(Assignment):
Restate every line of the data word for word, except for the images.

(Collected data):
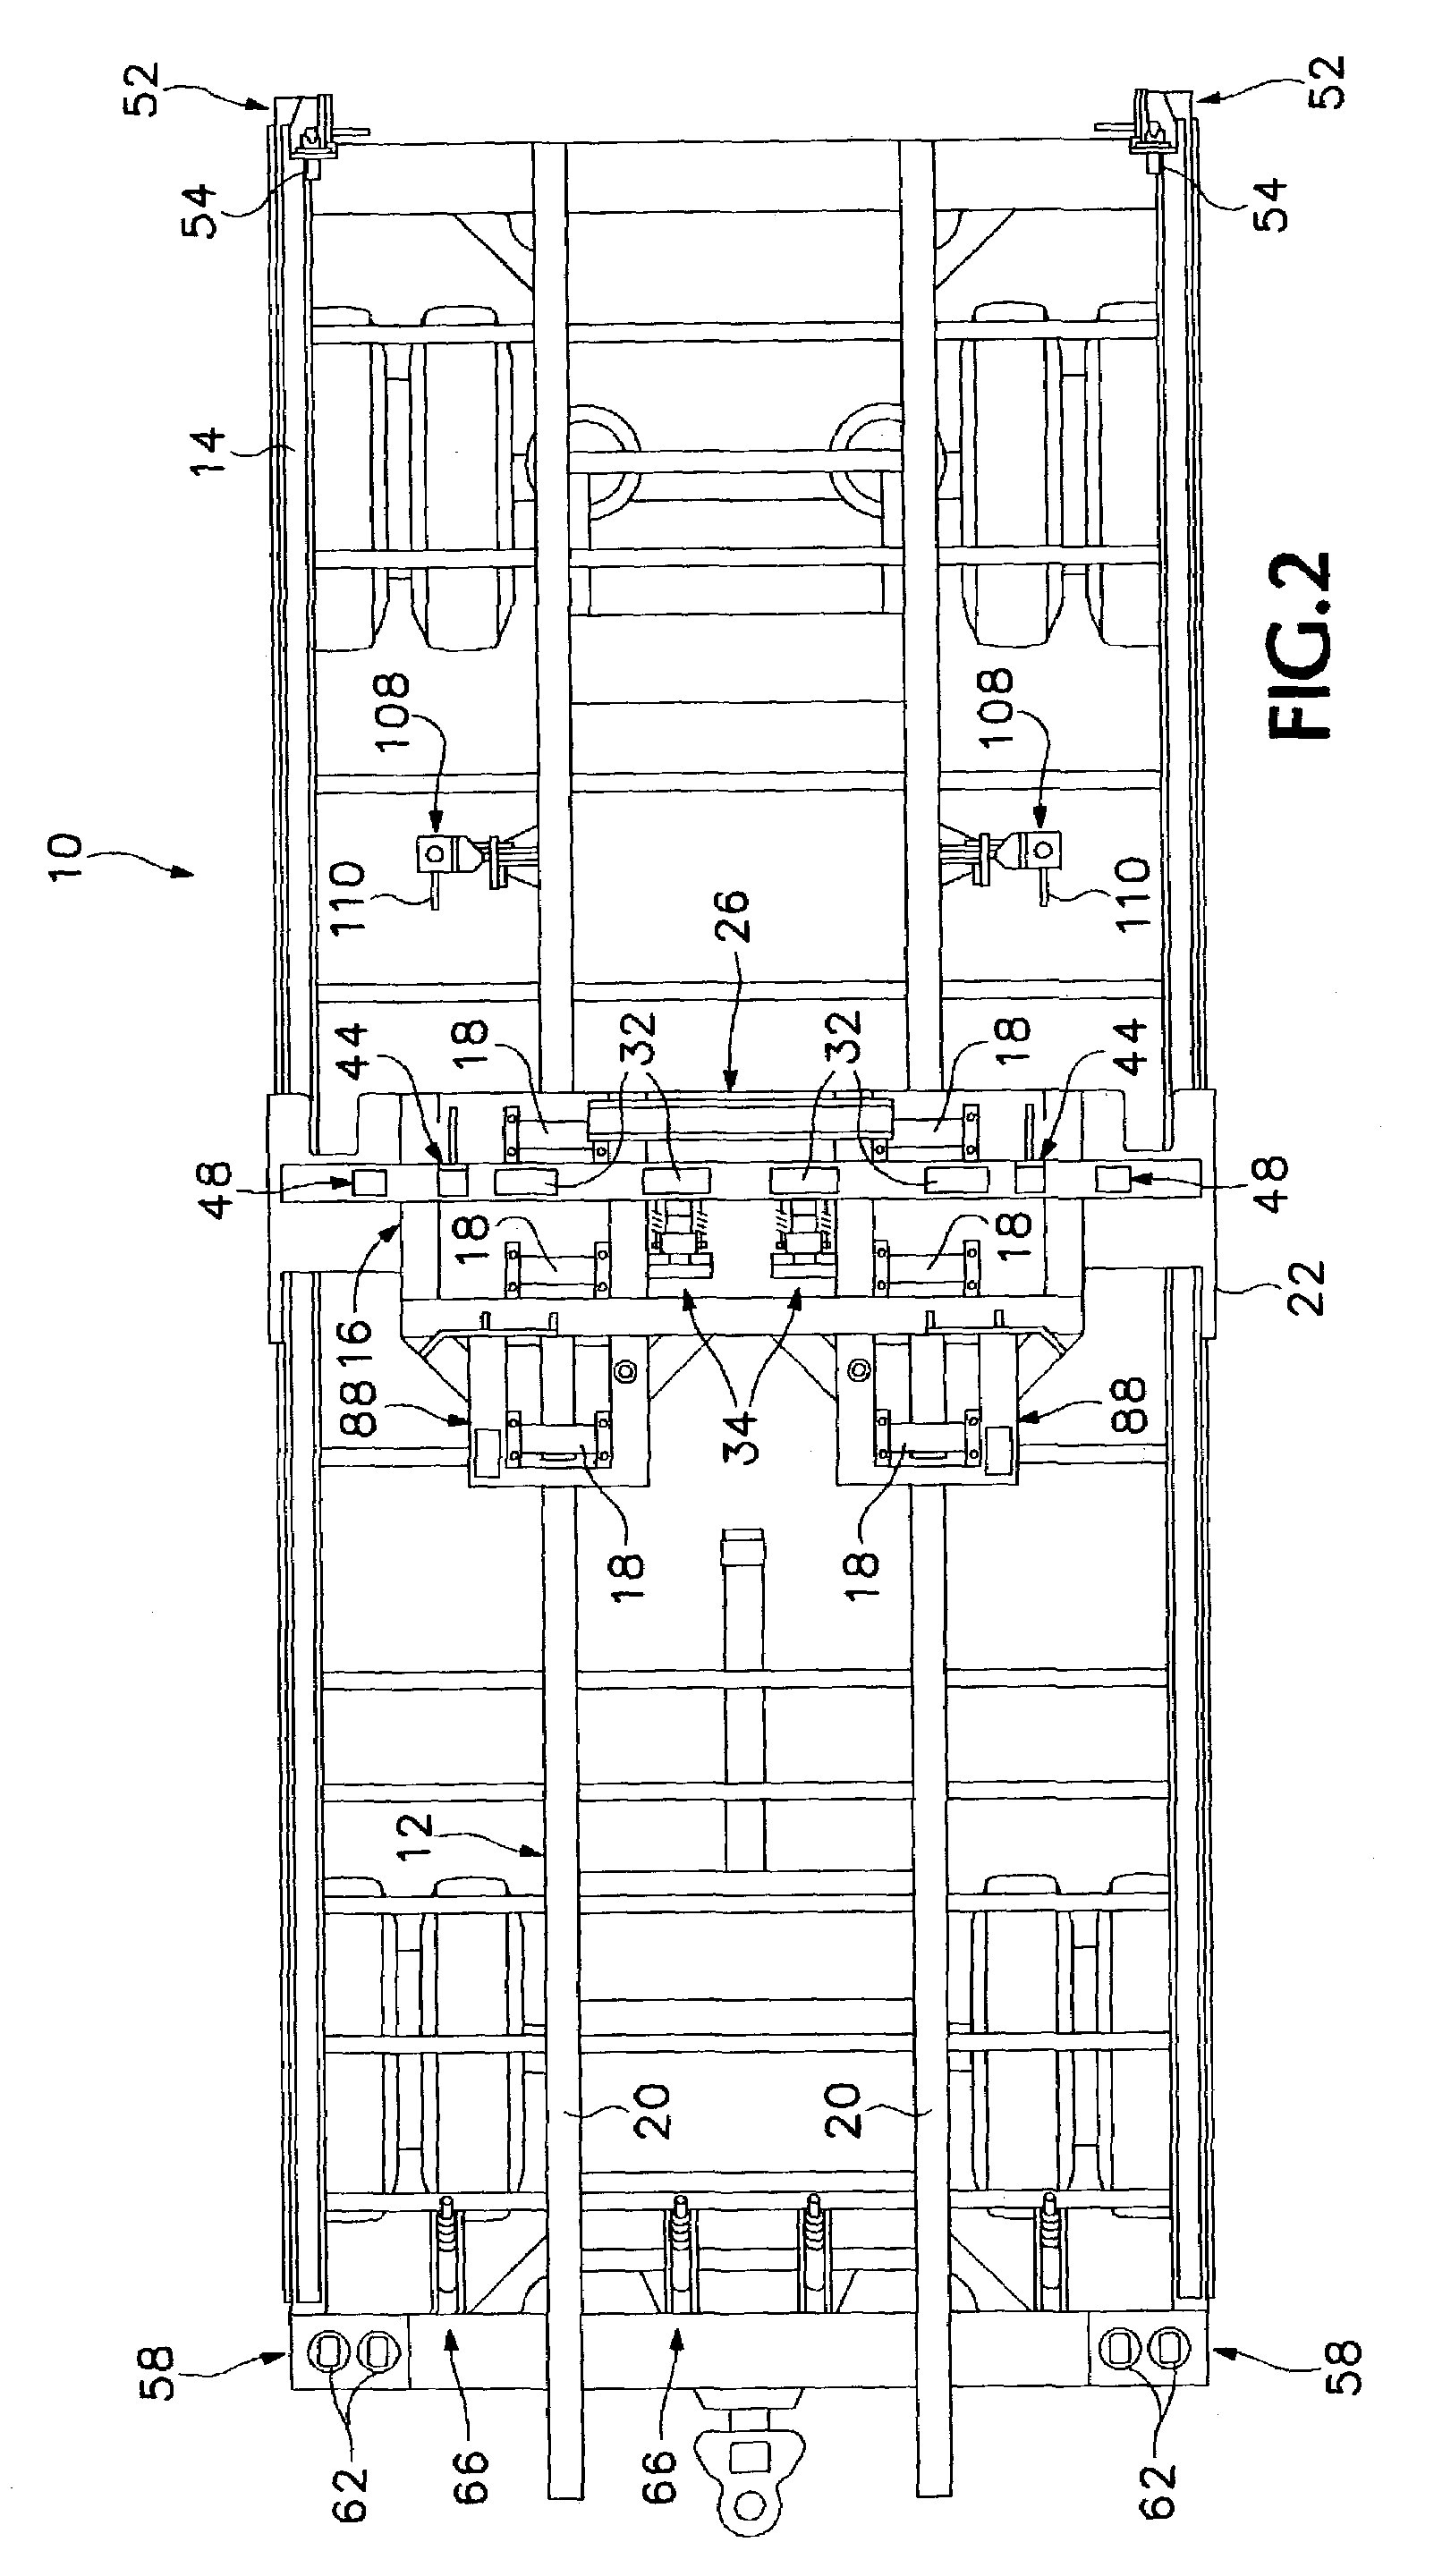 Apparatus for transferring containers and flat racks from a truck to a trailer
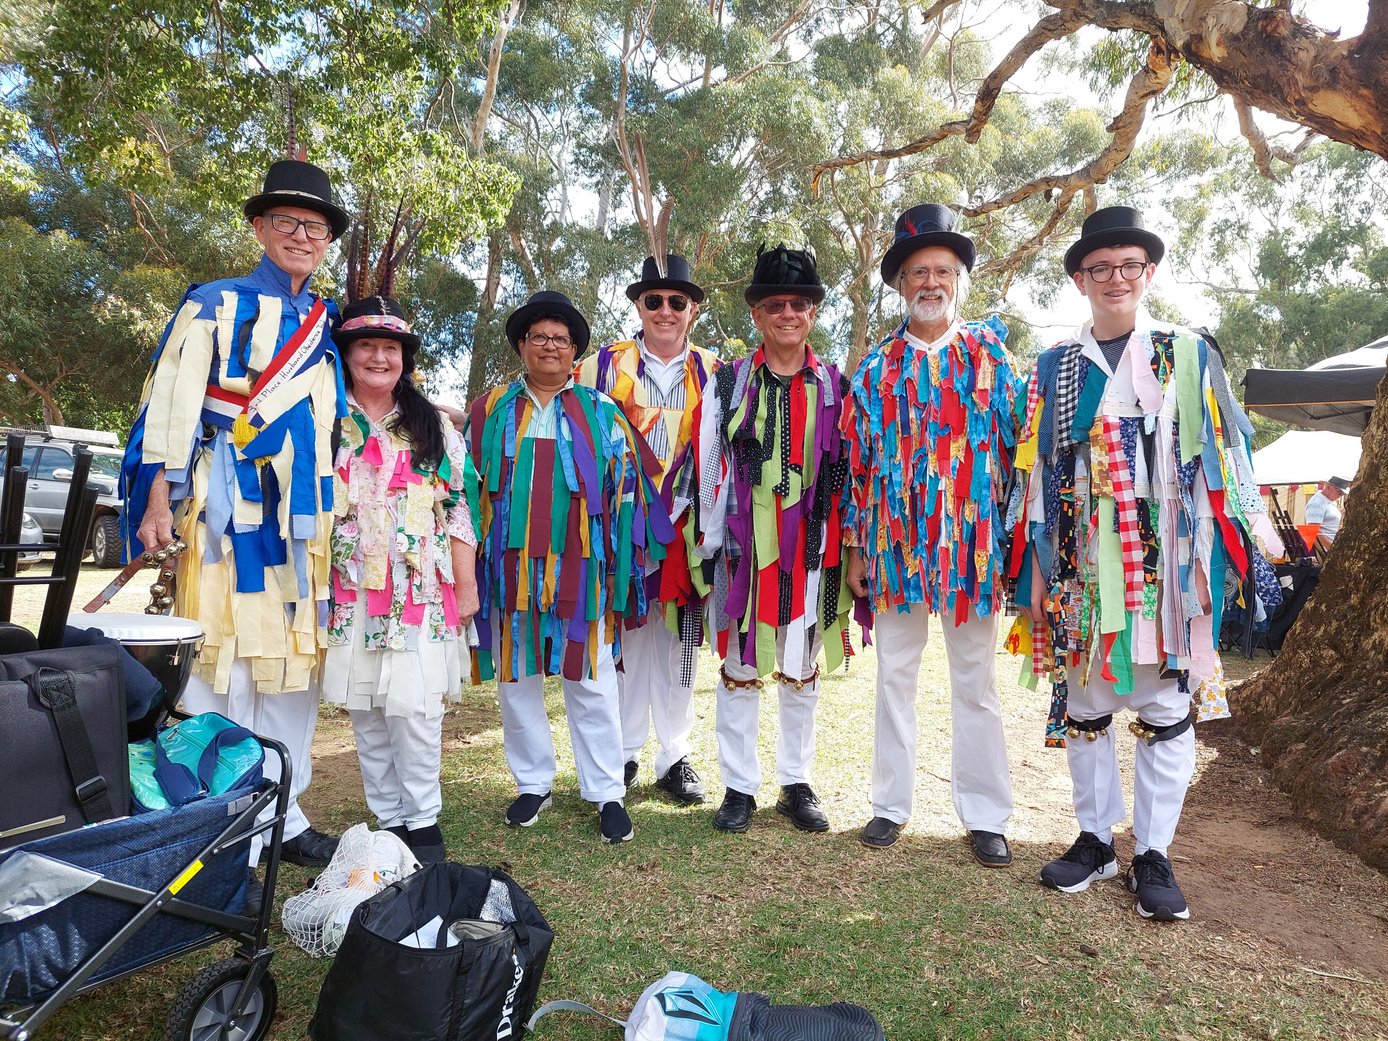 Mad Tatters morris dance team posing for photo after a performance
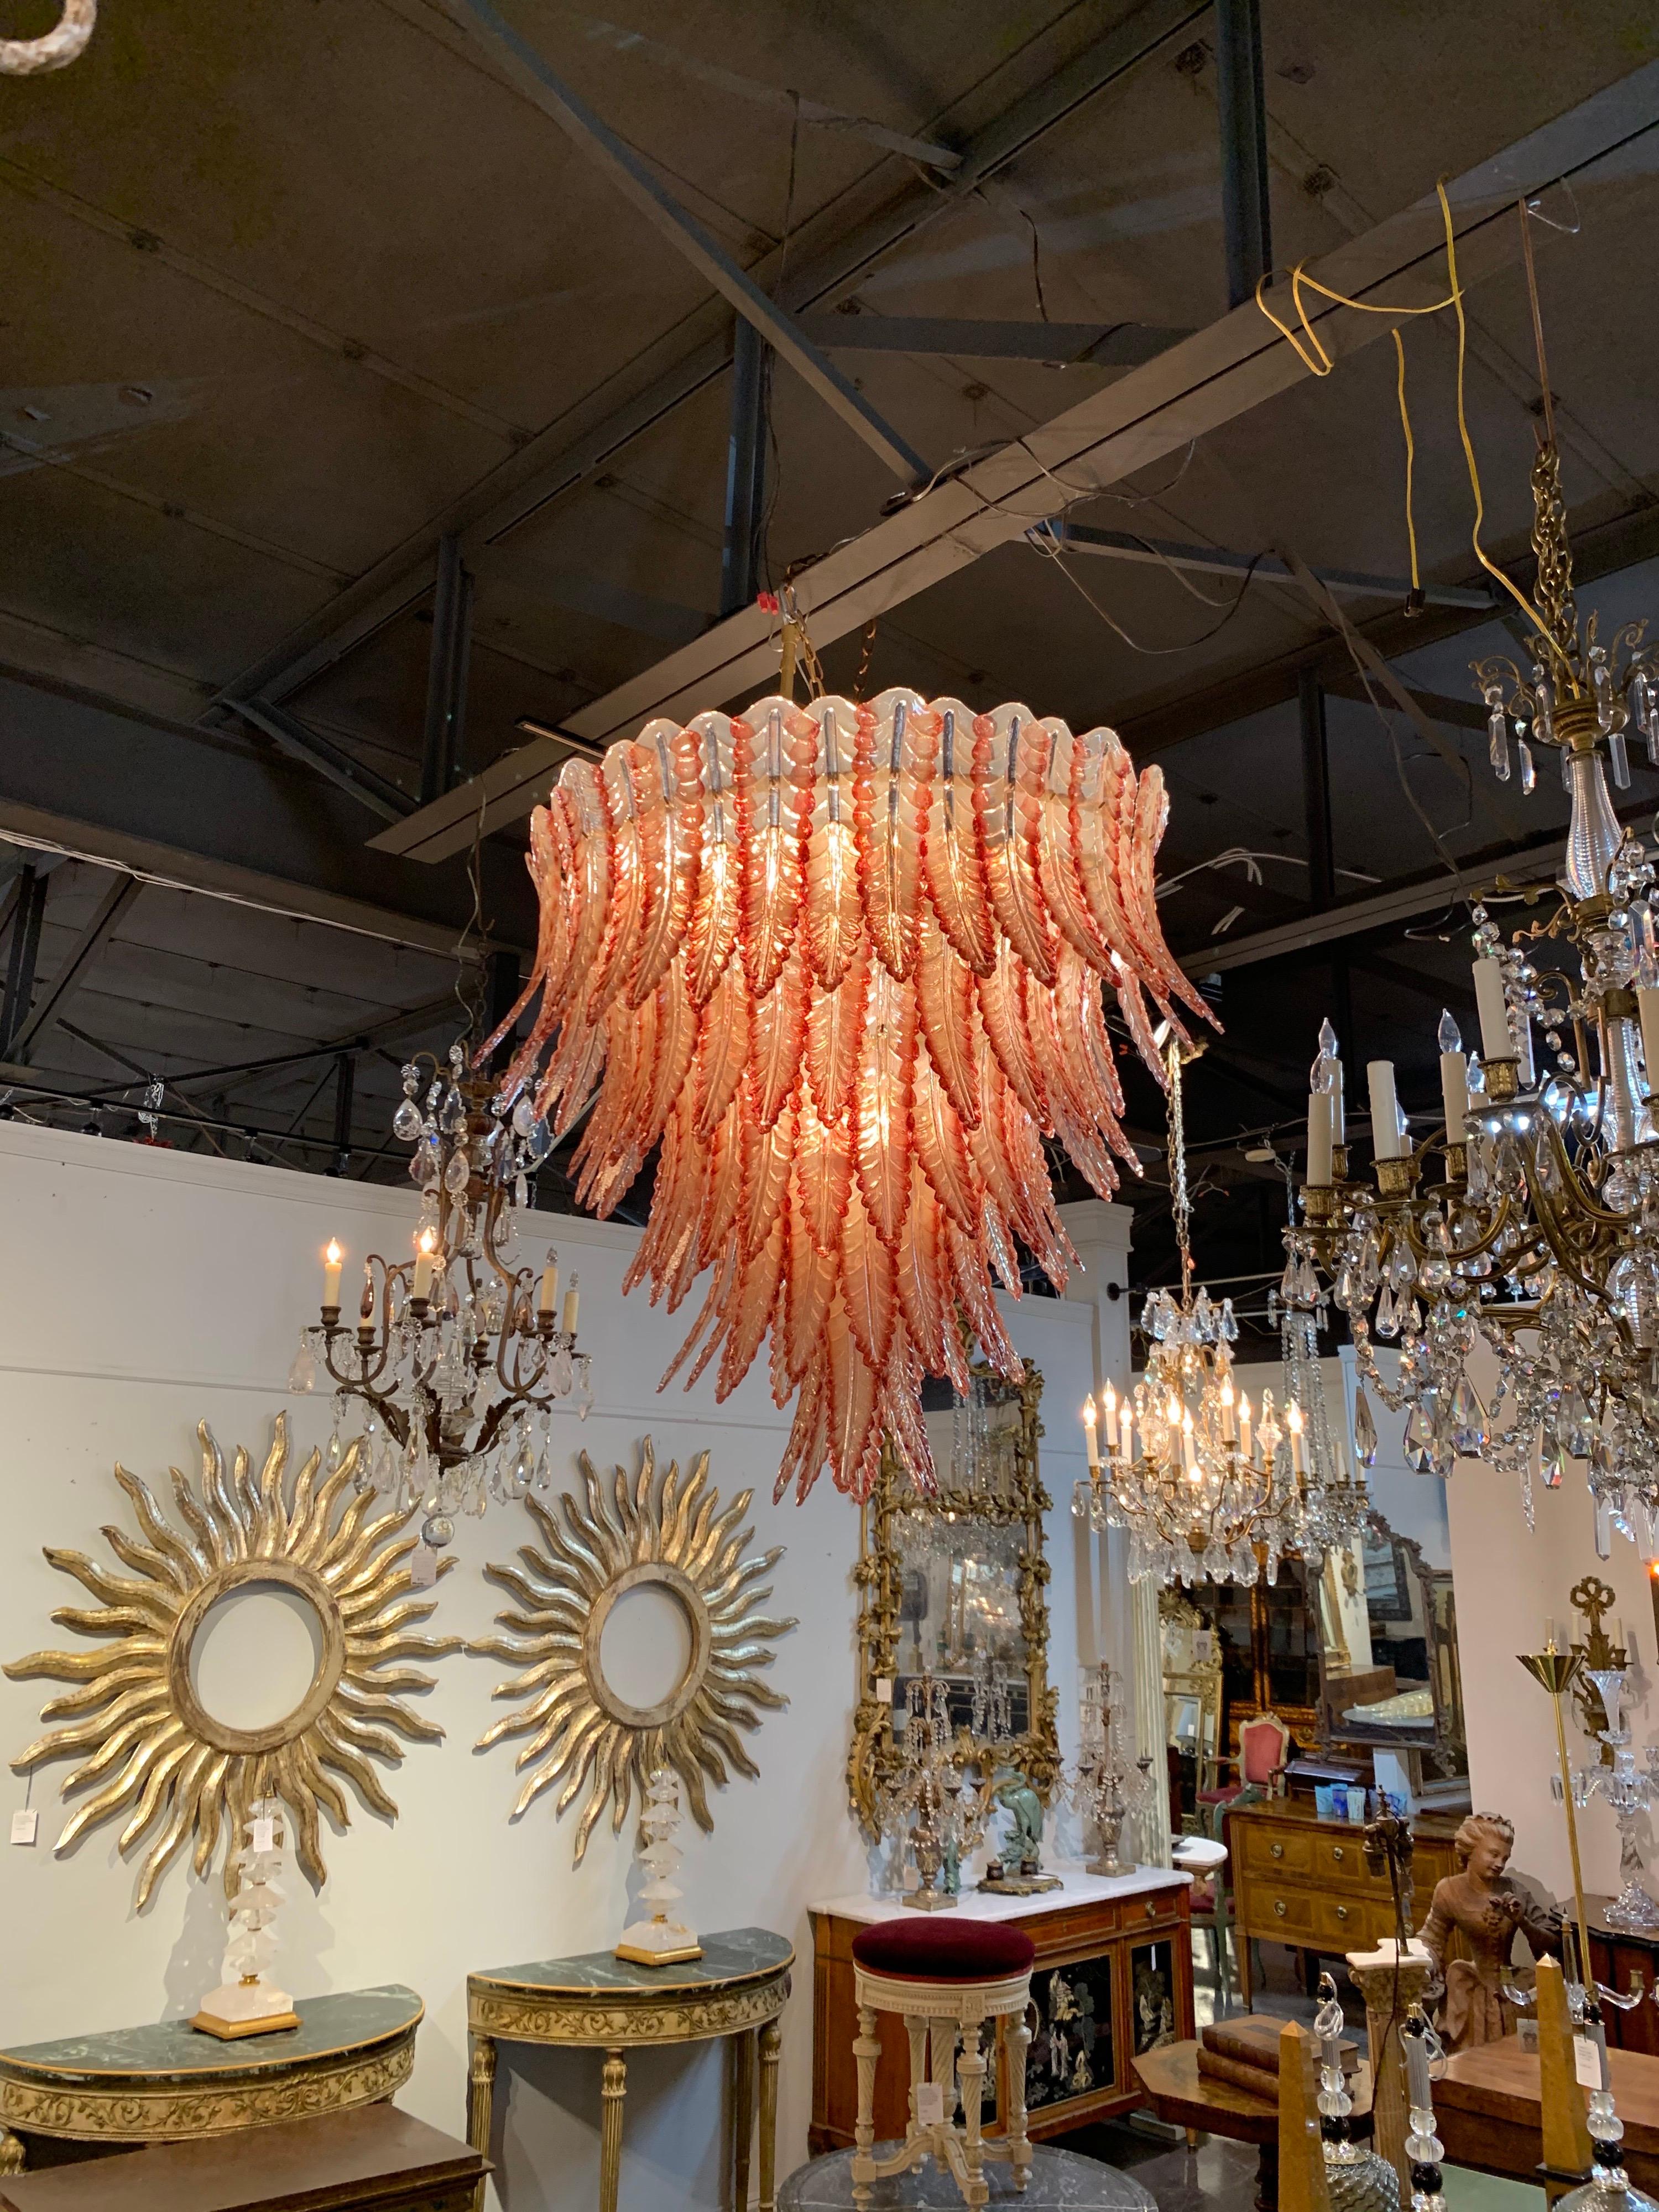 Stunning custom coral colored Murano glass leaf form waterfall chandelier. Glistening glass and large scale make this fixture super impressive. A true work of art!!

(Output for this exercise):
 Apparatus for transferring containers and flat racks from a truck to a trailer
 Mad Tatters morris dance team posing for photo after a performance
 Stunning custom coral colored Murano glass leaf form waterfall chandelier. Glistening glass and large scale make this fixture super impressive. A true work of art!!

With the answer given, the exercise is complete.